WEDNESDAY, Feb. 21 (HealthDay News) -- The U.S. Food and Drug Administration has asked Genentech to add a boxed warning to the drug Xolair (omalizumab), which has been linked to anaphylaxis in patients being treated for asthma. The reactions can occur more than 24 hours after treatment, even after the first dose or in patients who did not have a reaction to the first dose.
Patients being treated with Xolair should be observed for two hours after injection, and providers should be prepared to administer treatment for anaphylaxis. Patients should also carry emergency medication and be instructed on the symptoms that would warrant self-treatment for anaphylaxis.
Xolair was approved in 2003 for treatment of patients 12 and older with a positive reaction to perennial aeroallergens and moderate to severe asthma not controlled by standard treatment.
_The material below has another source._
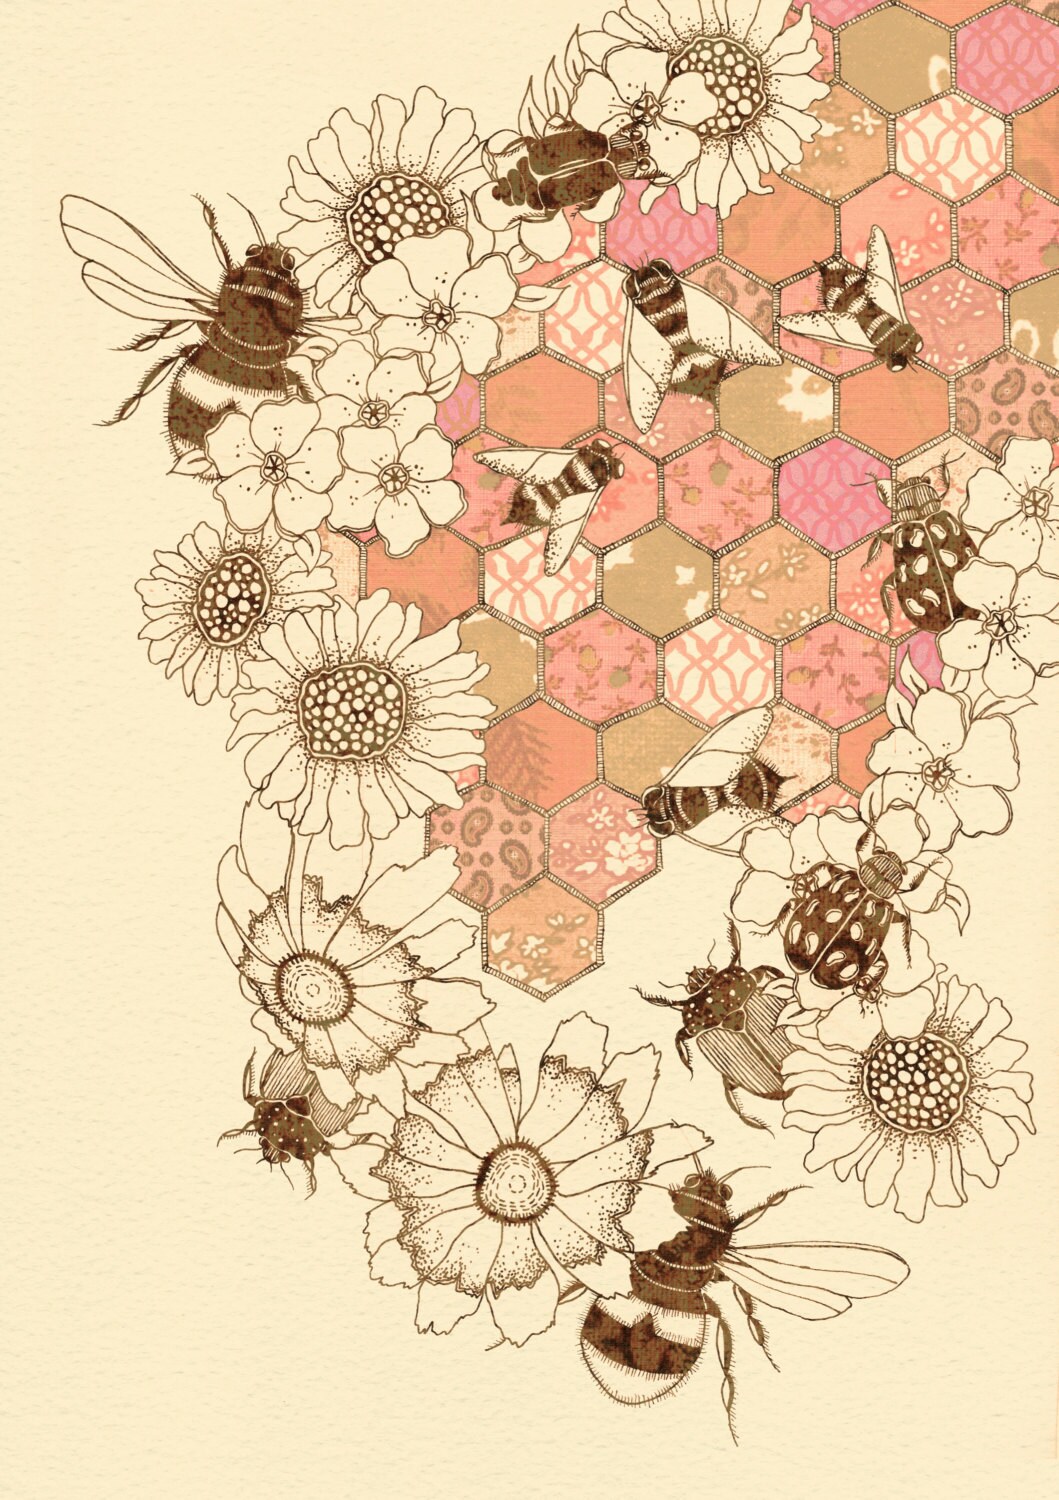 A Quilt Of Honey Bees 12" x 16" - Buttermoths
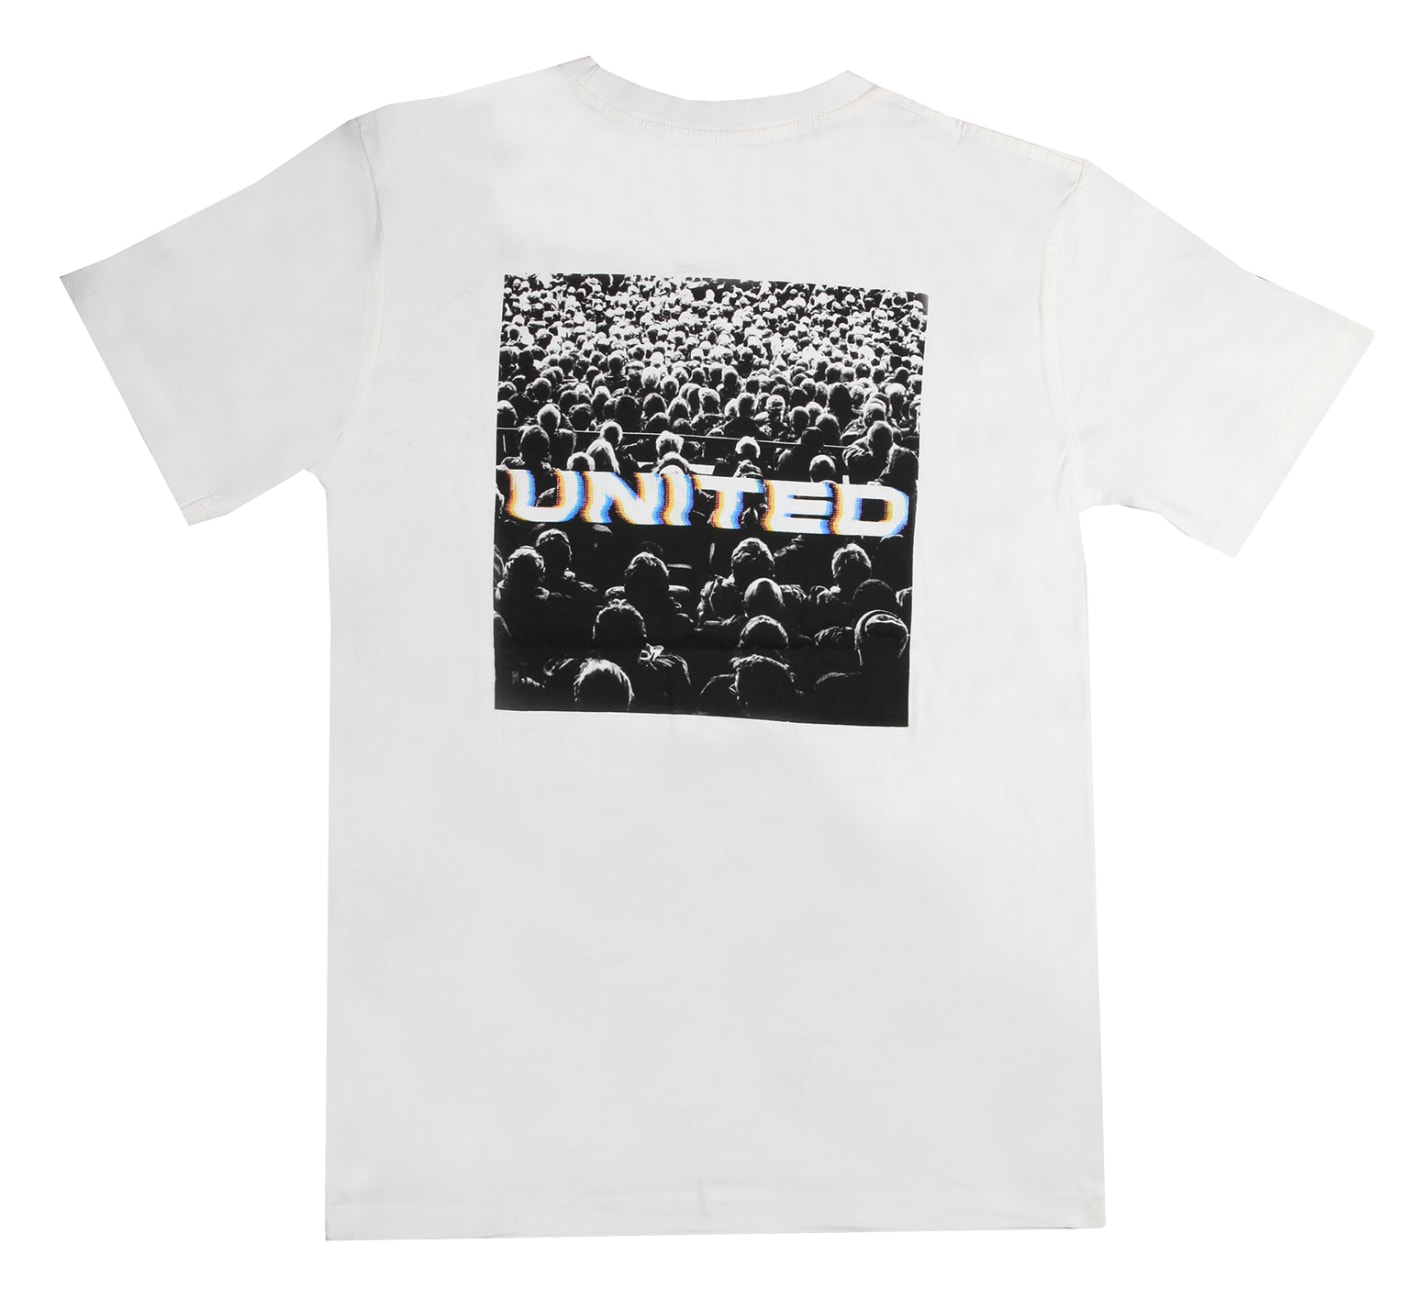 T-Shirt: People United Xxlarge White Clothing

The risk of anaphylaxis is 0.1 percent and was listed on the warning label at approval. However, due to the potential severity and delayed nature of the reaction, the FDA is now strengthening the warning label.
The FDA has received 48 reports of reactions in 39,500 patients treated with Xolair between 2003 and 2005. Seventy-one percent of cases occurred in the first two hours, although 13 percent developed more than 24 hours later. There was pulmonary involvement, such as bronchospasm, in 96 percent of cases and hypotension or syncope in 13 percent of cases.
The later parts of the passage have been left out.